-------- INPUT --------

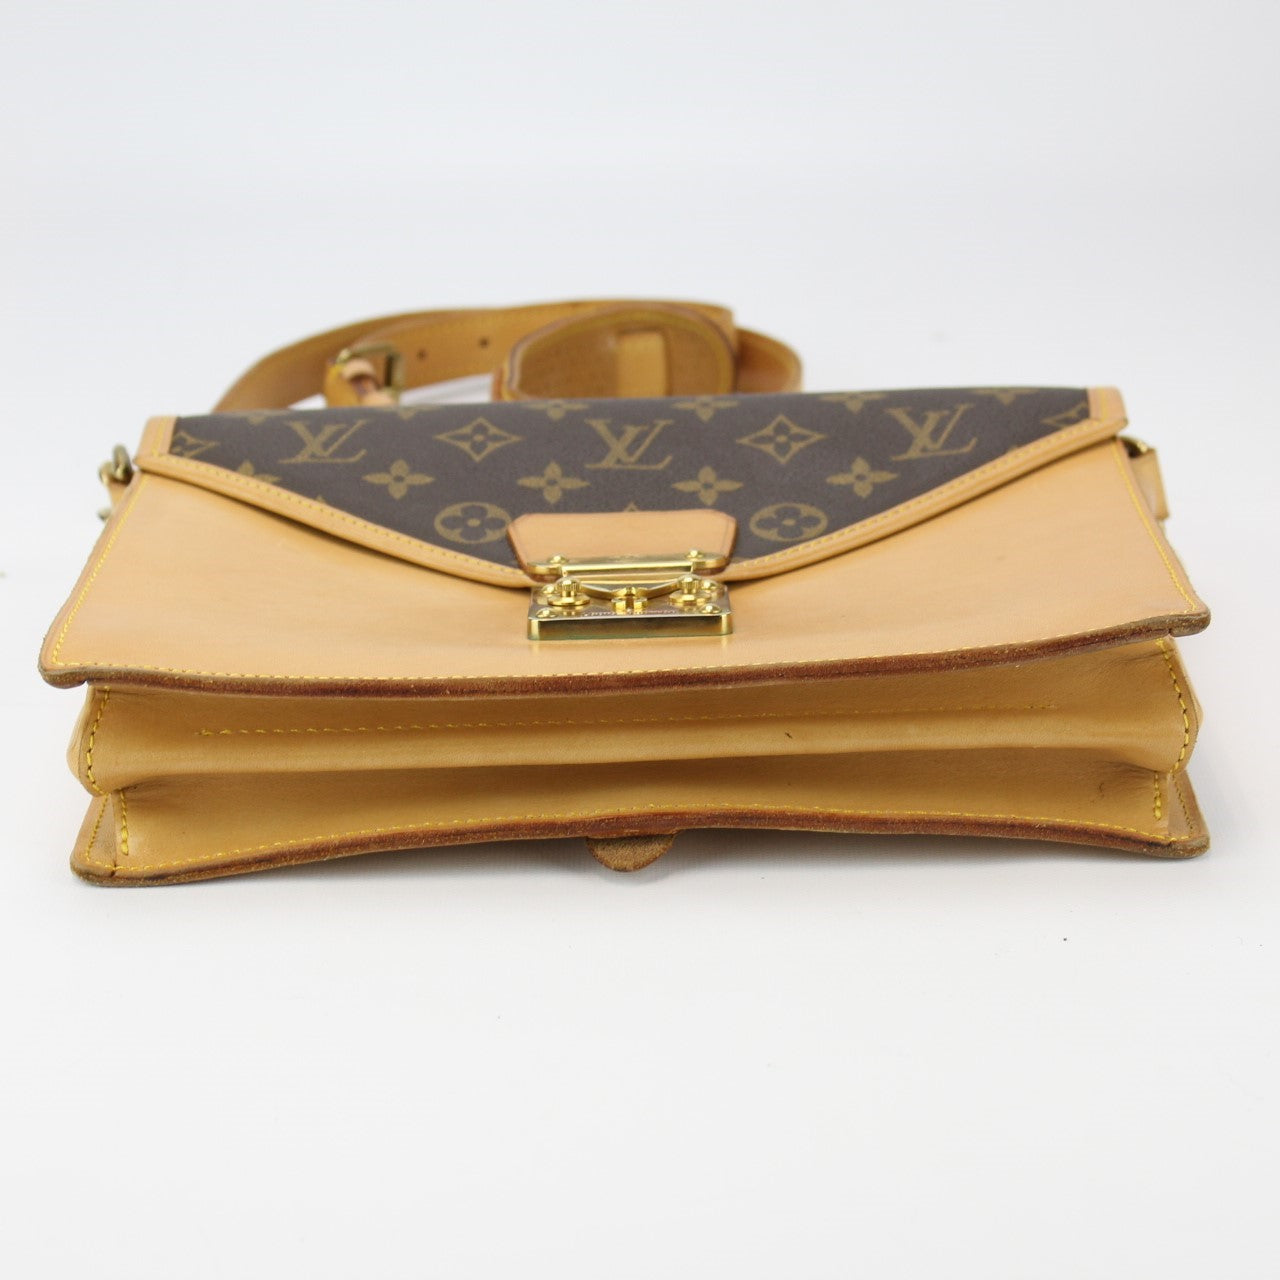 Vintage Louis Vuitton Sac Biface monogram Bag
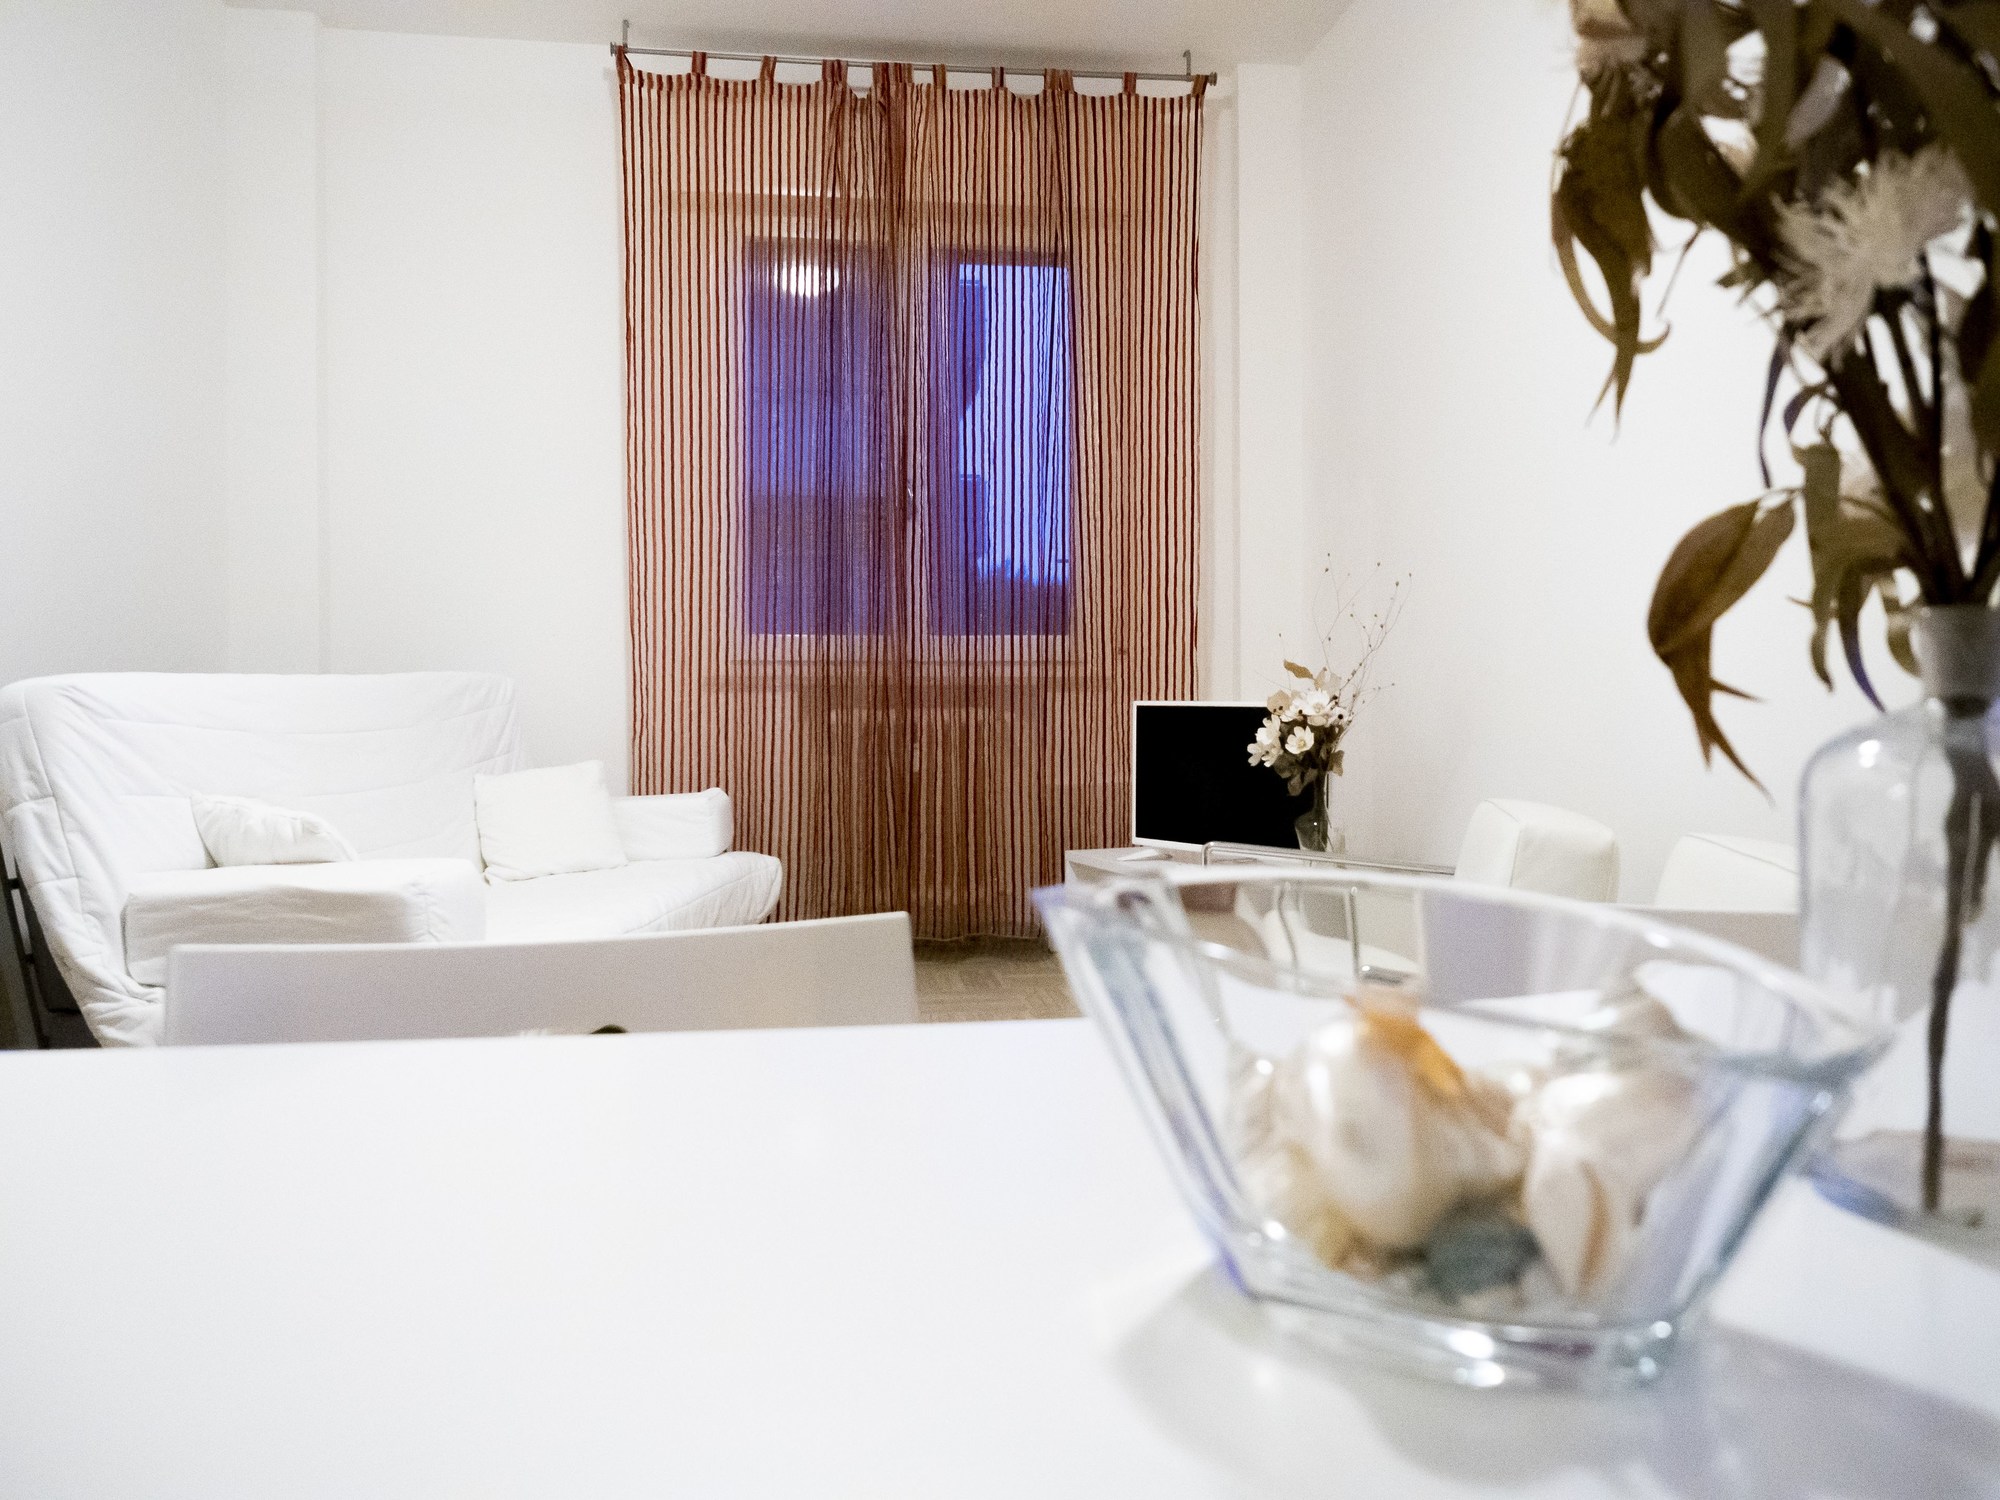 Cappellini-Rimini Updated 2022 Room Price-Reviews & Deals | Trip.com
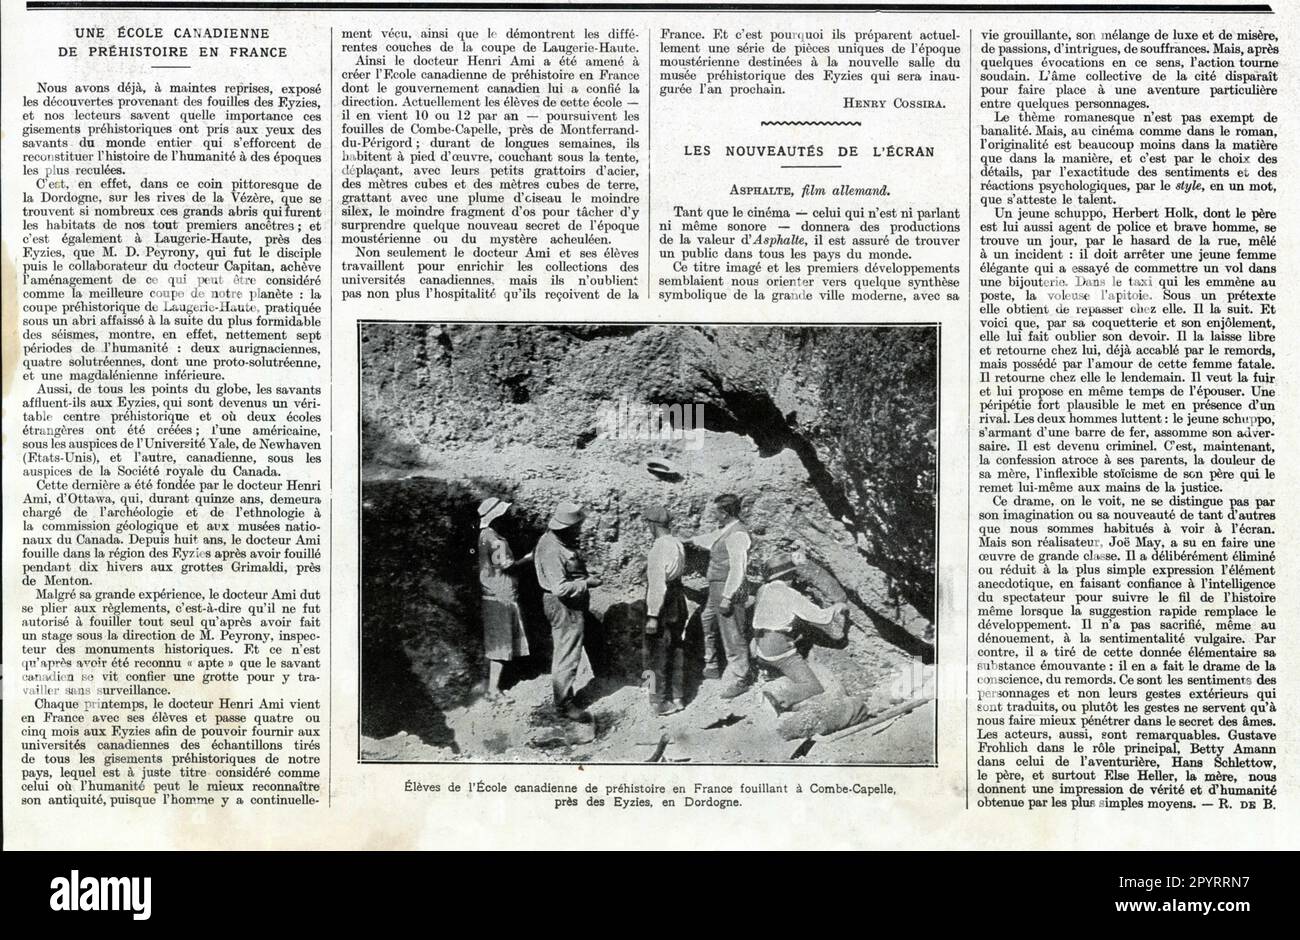 Deux articles de presse anciens, UNE ECOLE CANADIENNE DE PRÉHISTOIRE EN FRANCE et LES NOUVEAUTÉS DE L'ECRAN. 1929 Stock Photo
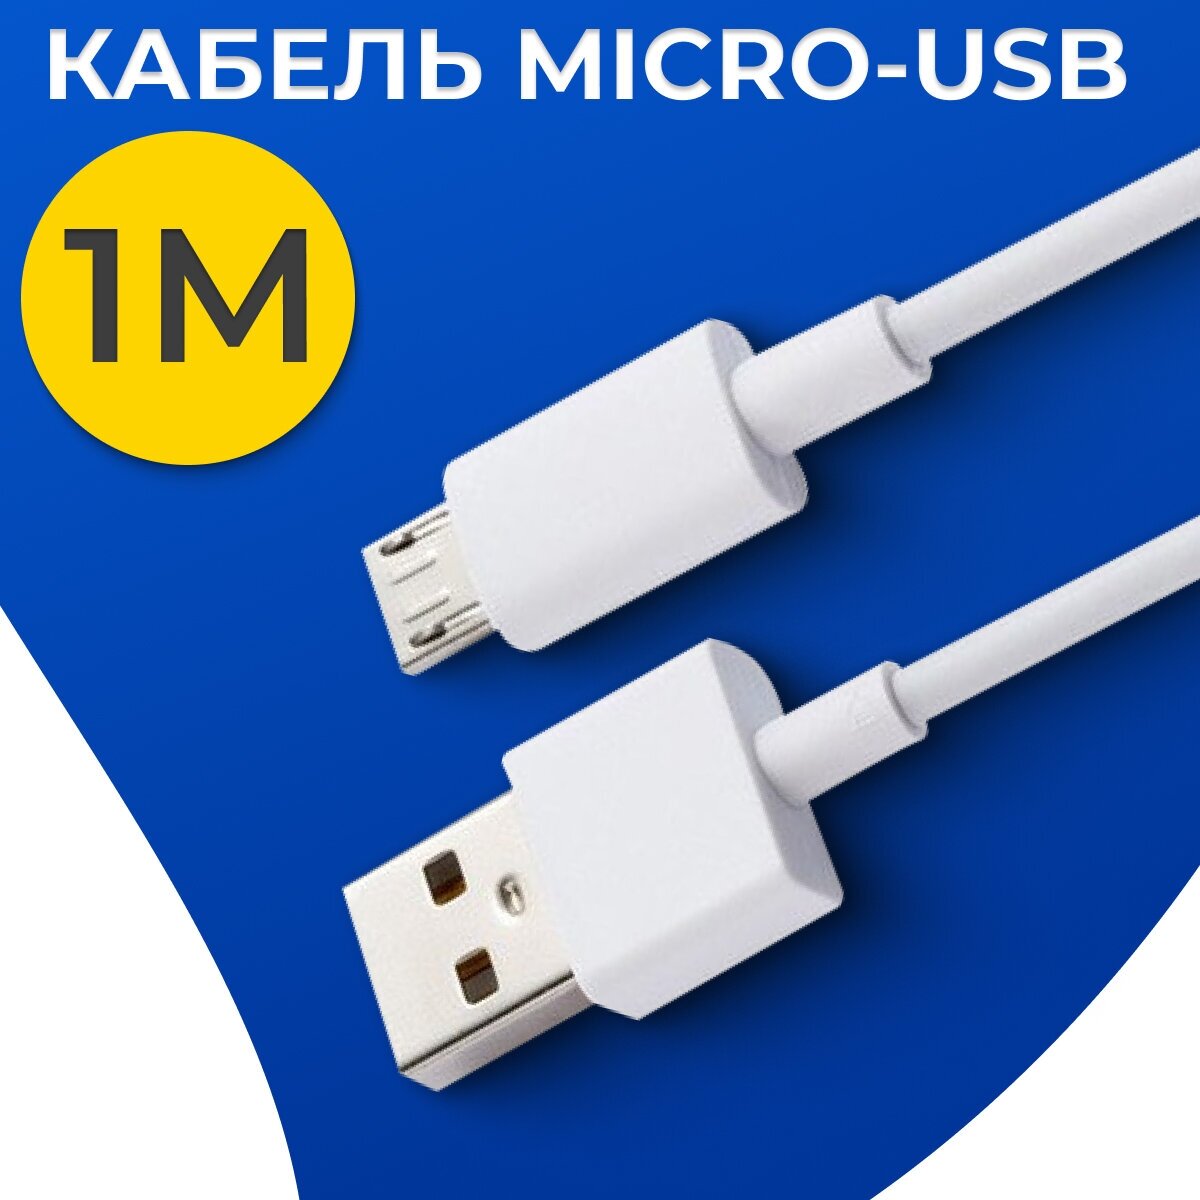 Кабель для зарядки Micro USB - USB / Провод Микро ЮСБ - ЮСБ для зарядки телефона, планшета, наушников / Белый шнур для зарядки (1 метр)
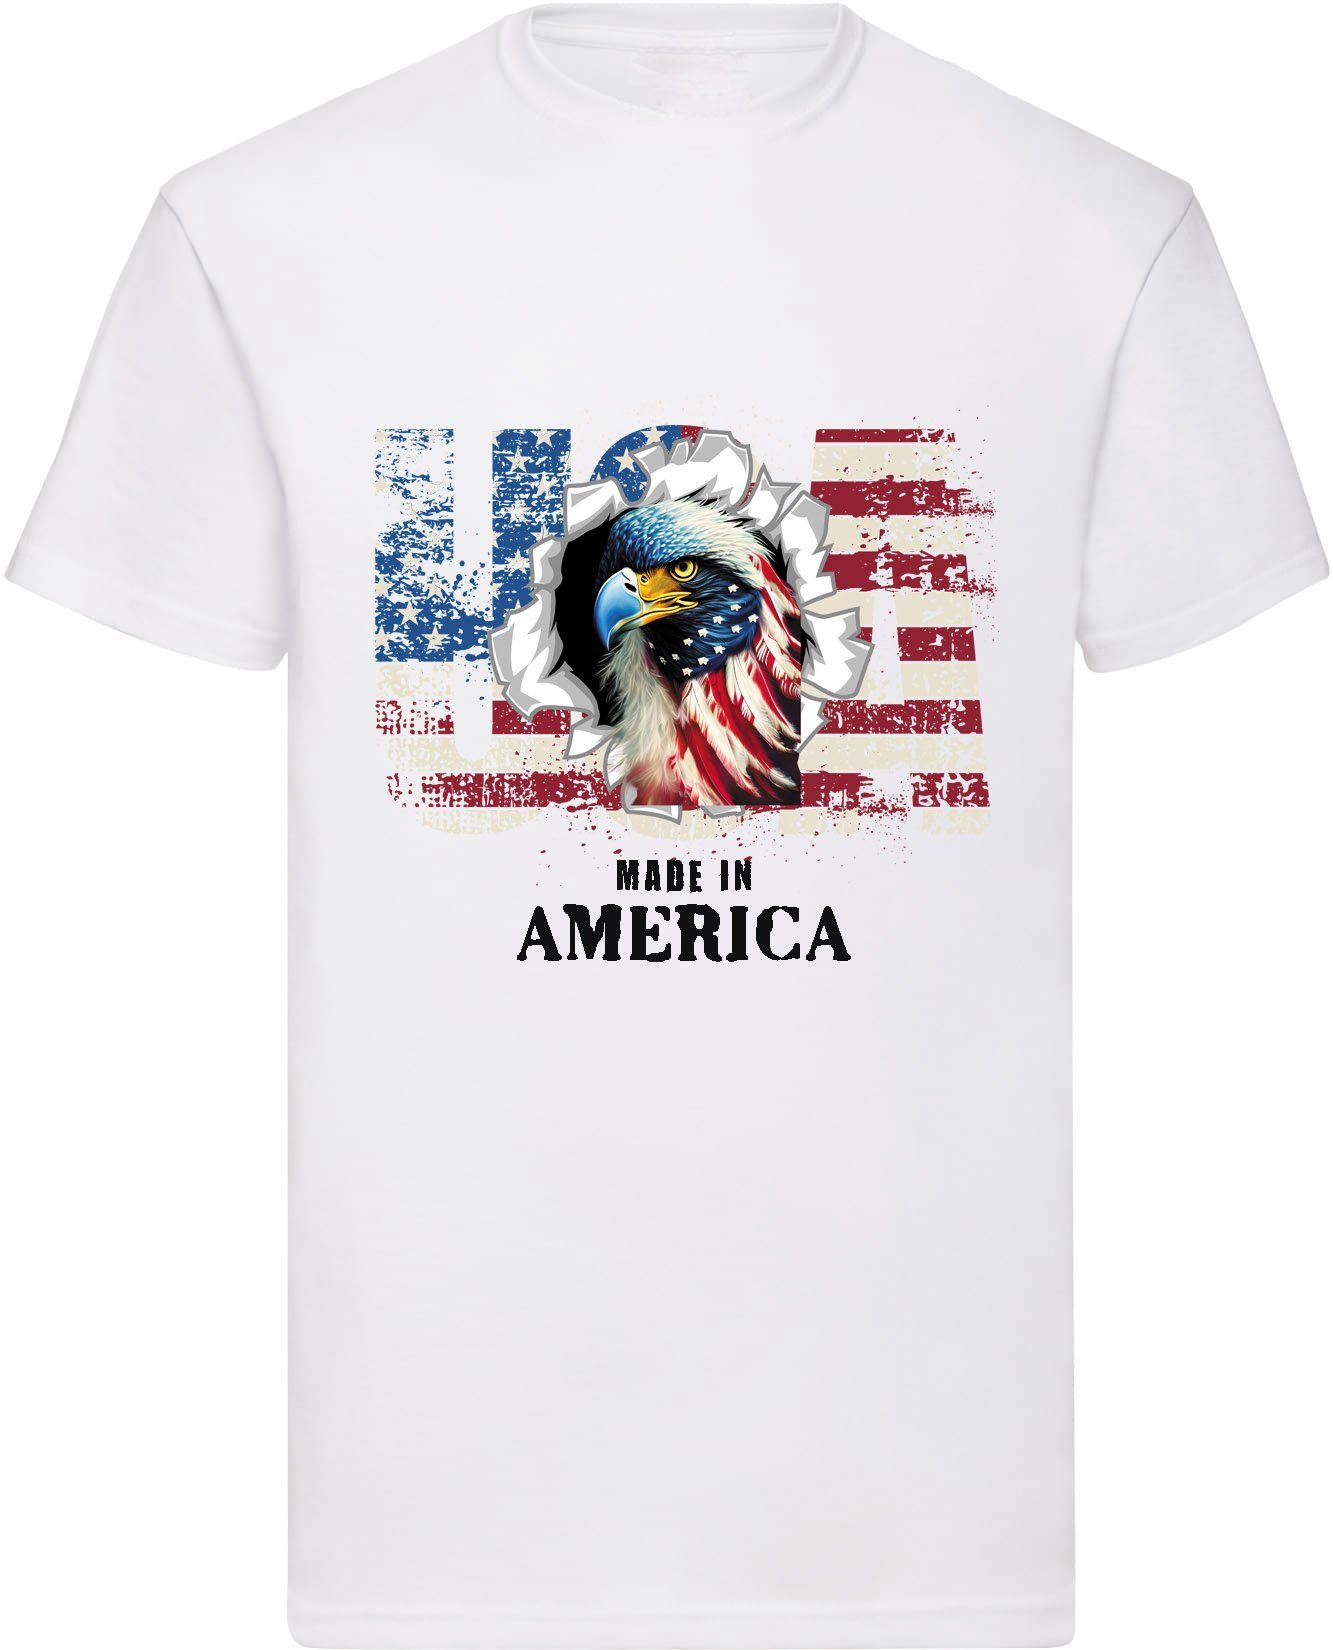 Banco T-Shirt Herren Druck T-Shirt Adler Weiß Baumwolle 100% Day Independence (01) USA

--------

→ **TASK DIRECTIONS**:
The lines wanted run from the line containing "Cappellini-Rimini Updated 2022" through the end of the entries; return them exactly, both ends included, and keep pictures out.

→ **COMPLETED TASK**:
 Cappellini-Rimini Updated 2022 Room Price-Reviews & Deals | Trip.com
 Deux articles de presse anciens, UNE ECOLE CANADIENNE DE PRÉHISTOIRE EN FRANCE et LES NOUVEAUTÉS DE L'ECRAN. 1929 Stock Photo
 Кабель для зарядки Micro USB - USB / Провод Микро ЮСБ - ЮСБ для зарядки телефона, планшета, наушников / Белый шнур для зарядки (1 метр)
 Banco T-Shirt Herren Druck T-Shirt Adler Weiß Baumwolle 100% Day Independence (01) USA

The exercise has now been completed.